Because i and y were used interchangeable in Middle and Early Modern English, these cites support Frasier.
4.     Liam
The original Problem Names article on Liam states, “The name Liam is certainly a modern Irish pet form of Uilliam, but there is no persuasive evidence that it was used before the 17th century.”  However, the Family Search Historical Records provide evidence of Liam as a late-period English surname:
JOANA LIAM; Female; Marriage; 1592; Elsworth, Cambridge, England; Batch: M13053-1 
5.     Megan
Megan and its variants had previously been registered only as SCA-compatible names.  The Family Search Historical Records provide evidence of Megan in various spellings as a late-period English surname.

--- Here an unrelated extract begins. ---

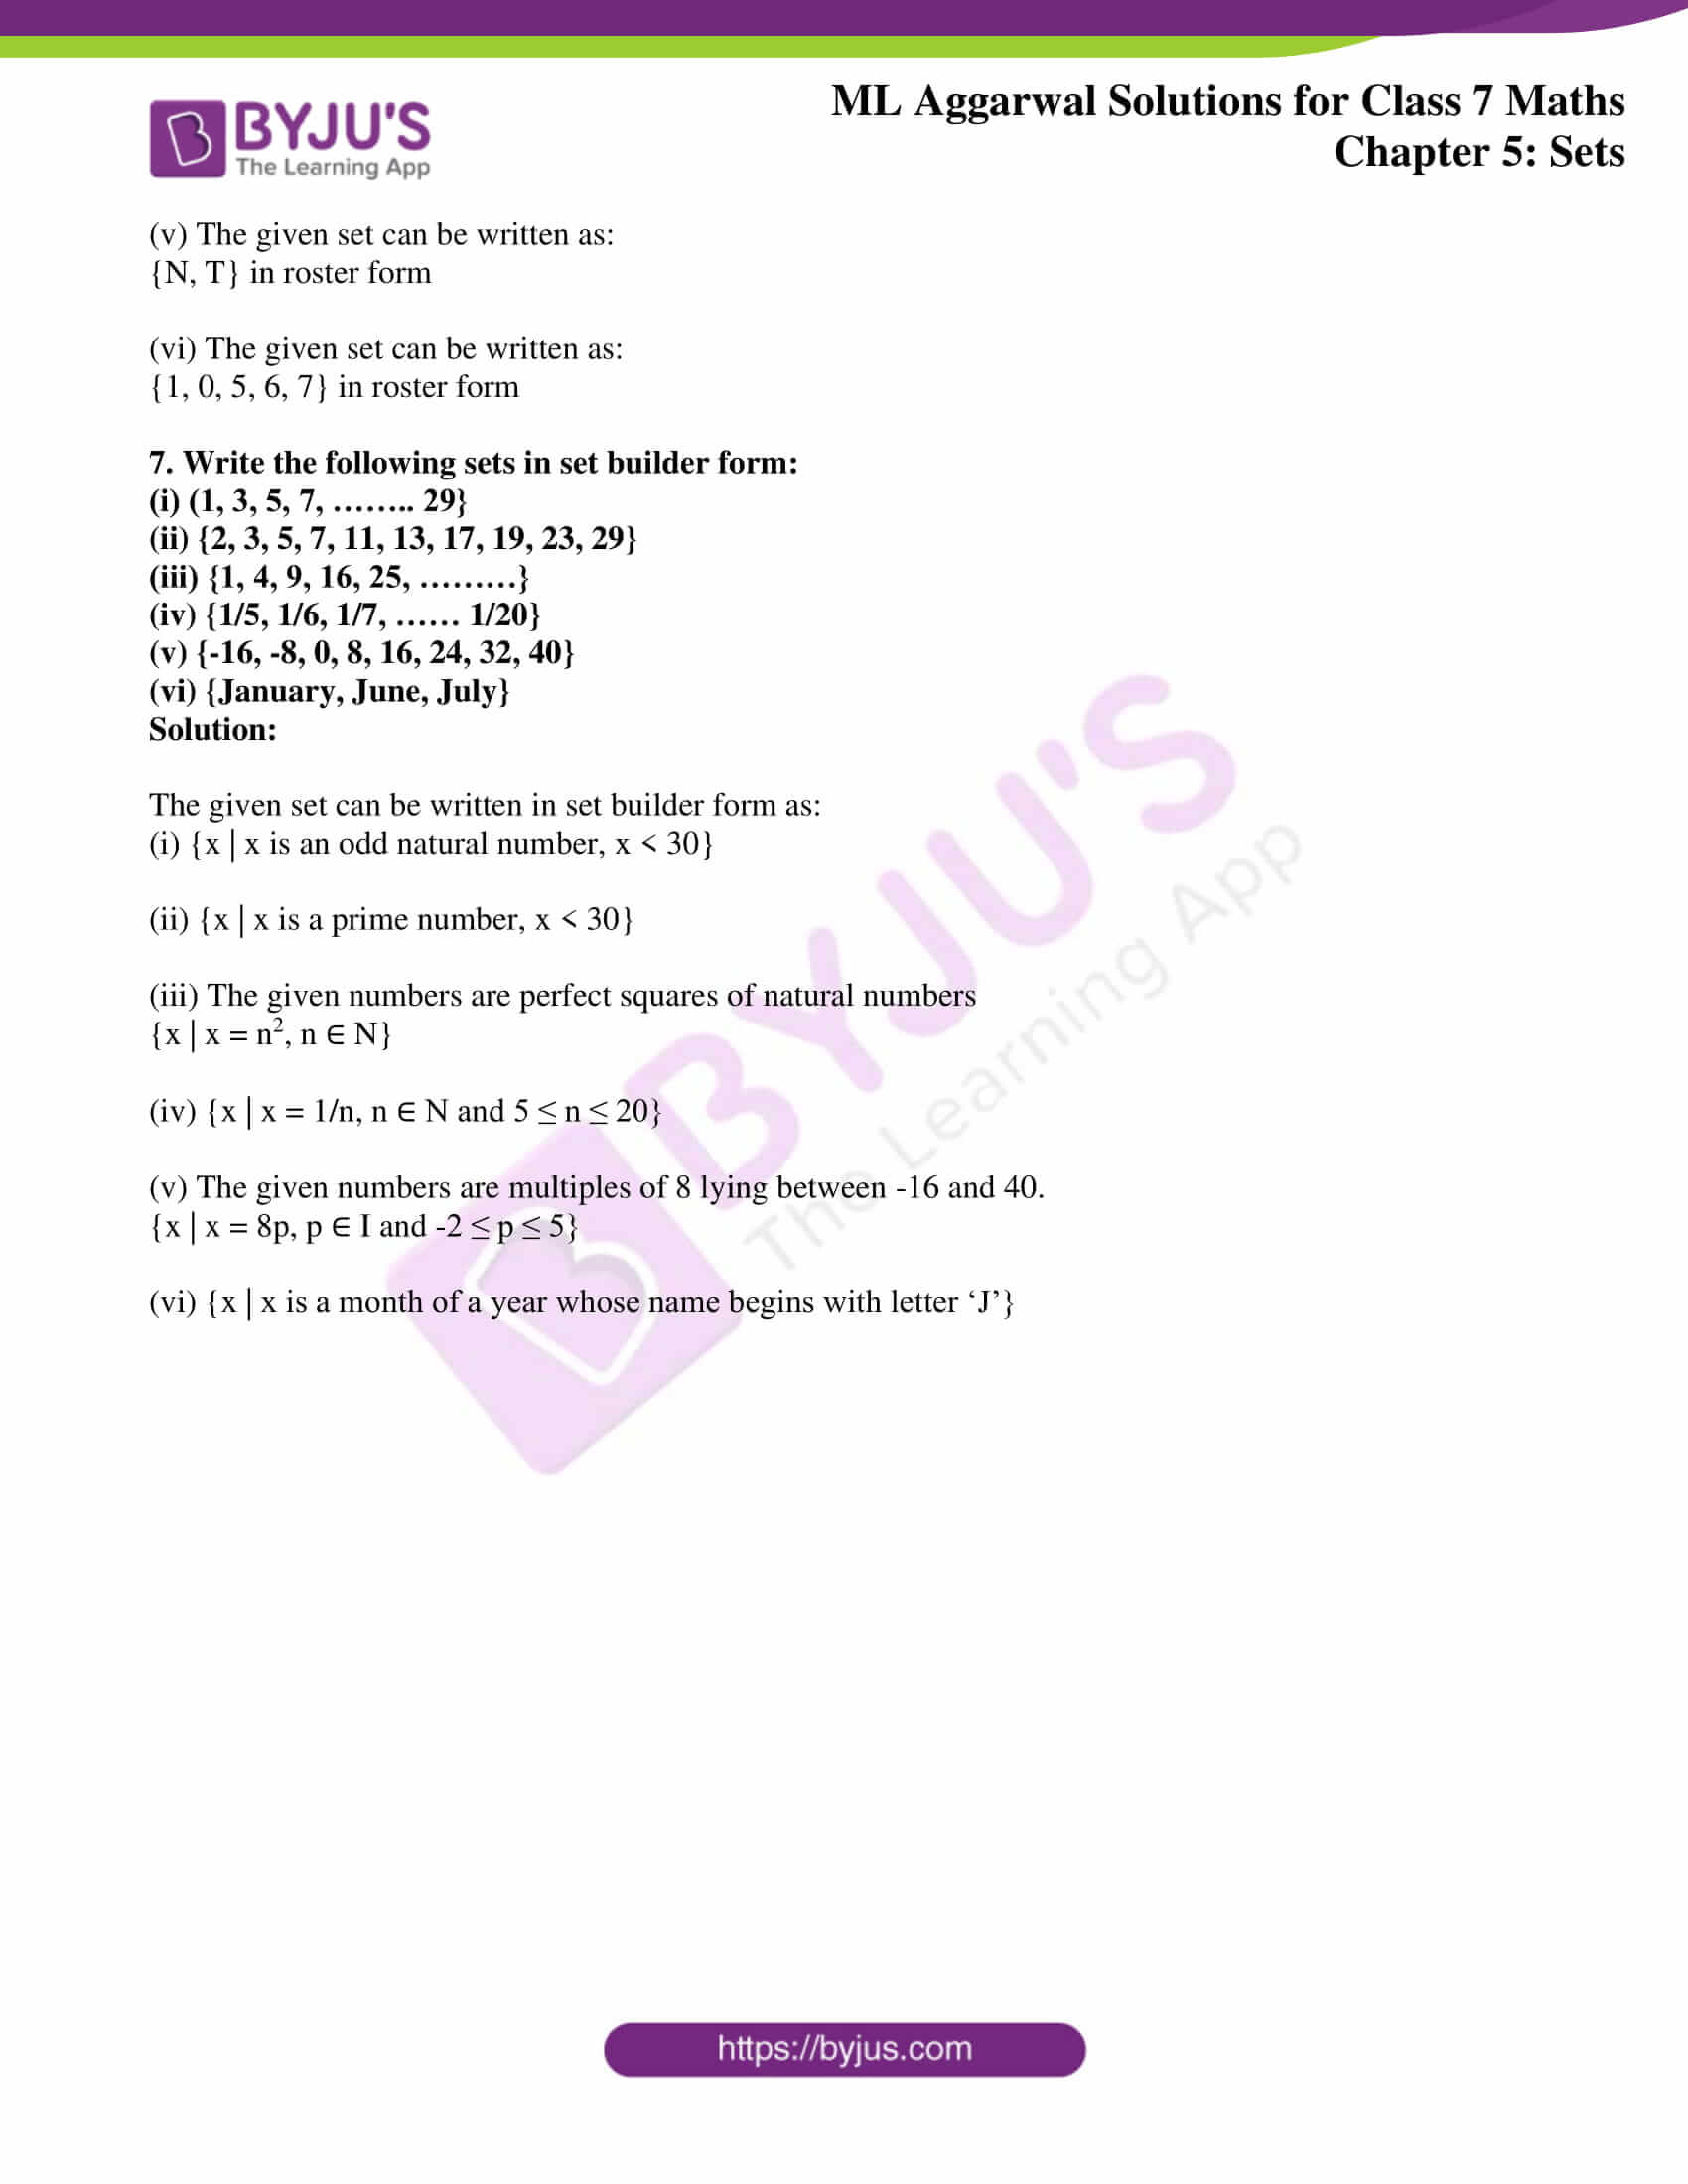 ml aggarwal sol class 7 maths chapter 5 4
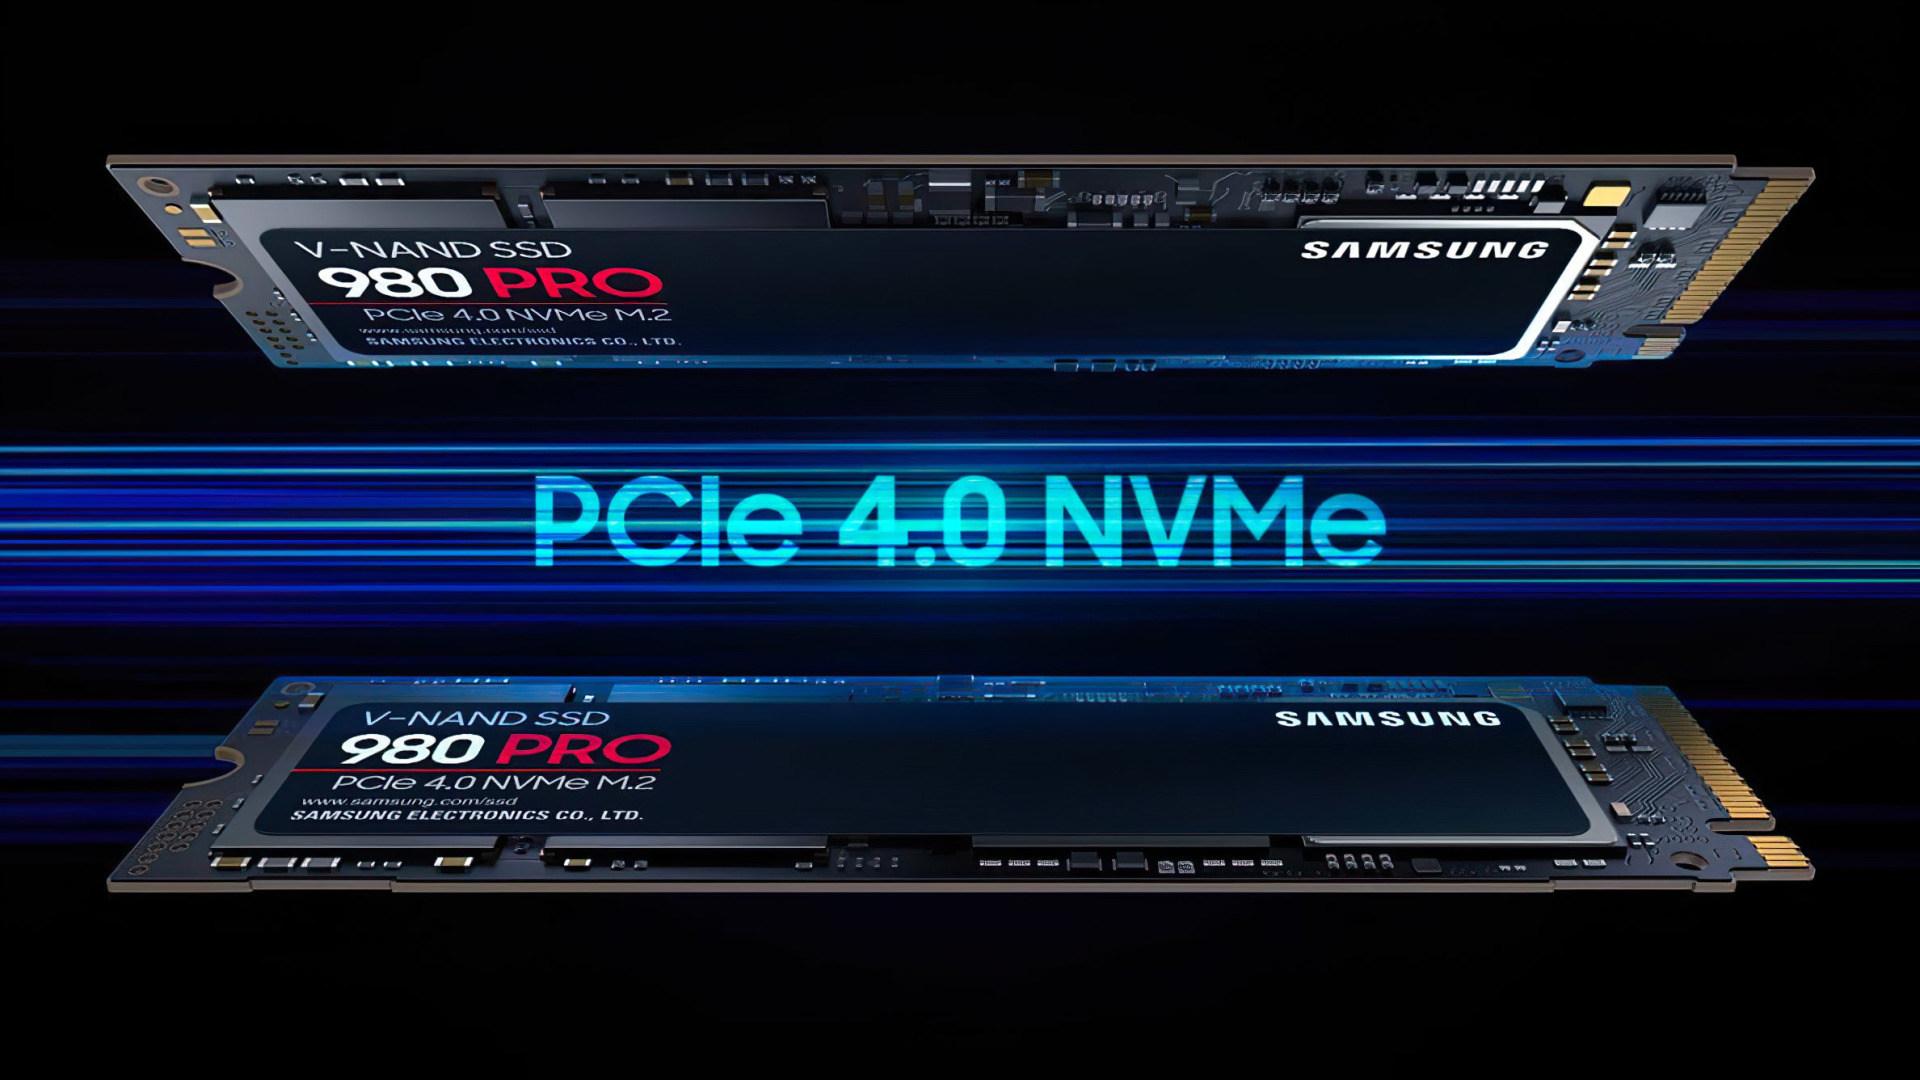 Samsung, Speicher, Ssd, Flash, Solid State Drive, NVMe, M.2, PCIe 4.0, V-Nand, Samsung 980 Pro

WILLIAM MEGAN; Male; Marriage; 9 Sept 1644; Ippollitts, Hertford, England;
Batch: M07253-1.
MARTHA MEGHEN; Female; Marriage; 15 Oct 1633; Saint Chad, Shrewsbury, Shropshire, England; Batch: M01575-1.
RICHARD MEGHEN; Male; Christening; 11 Dec 1630; Saint Chad, Shrewsbury, Shropshire, England; Batch: P01575-1.
6.     Niamh
In July 2012, Pelican ruled “barring evidence that Niamh was used by non-legendary human beings or falls into another registerable category (like a saint's name), it will not be registered after the December 2012 meeting.” [Niamh Fhinn, 7/2012 LoAR, A-Atenveldt].  However, Niamh is Anglicized to something that sounds like “Neeve” or “Neave,” which can be documented as an English surname:
Elizabeth Neave; Female; Christening; 06 Dec 1590; All Saints, Icklingham, Suffolk, England; Batch: C06255-2
Margaret Neave; Female; Christening; 08 Sep 1548; Conington, Cambridge, England; Batch: C130382

7.     Tara
Tara had been ruled unregisterable for lack of documentation.  [Alana Buchanan, 11/1997 LoAR, A-Caid].  Tara now can be found as a gray-period English surname, and therefore is usable as an English given name:
EDWARD TARA; Male; Christening; 18 Oct 1640; Northam, Devon, England; Batch: C05190-1 
THOMAS TARA; Male; Christening; 23 Jan 1647; Knowstone, Devon, England;
Batch: C05128-1 


              This article is not intended as an exhaustive study of every “problem name” in the Society.  There are a number of names that we continue to be unable to document to period as the names of real people, including Fiona, Moira and Rhiannon.
            This article is intended to encourage heralds to continue to research even names that “everyone knows” cannot be documented.  Period naming practices were often stranger than we imagine, and the continuing release of new data as period sources are digitized forces us to challenge many of our old assumptions.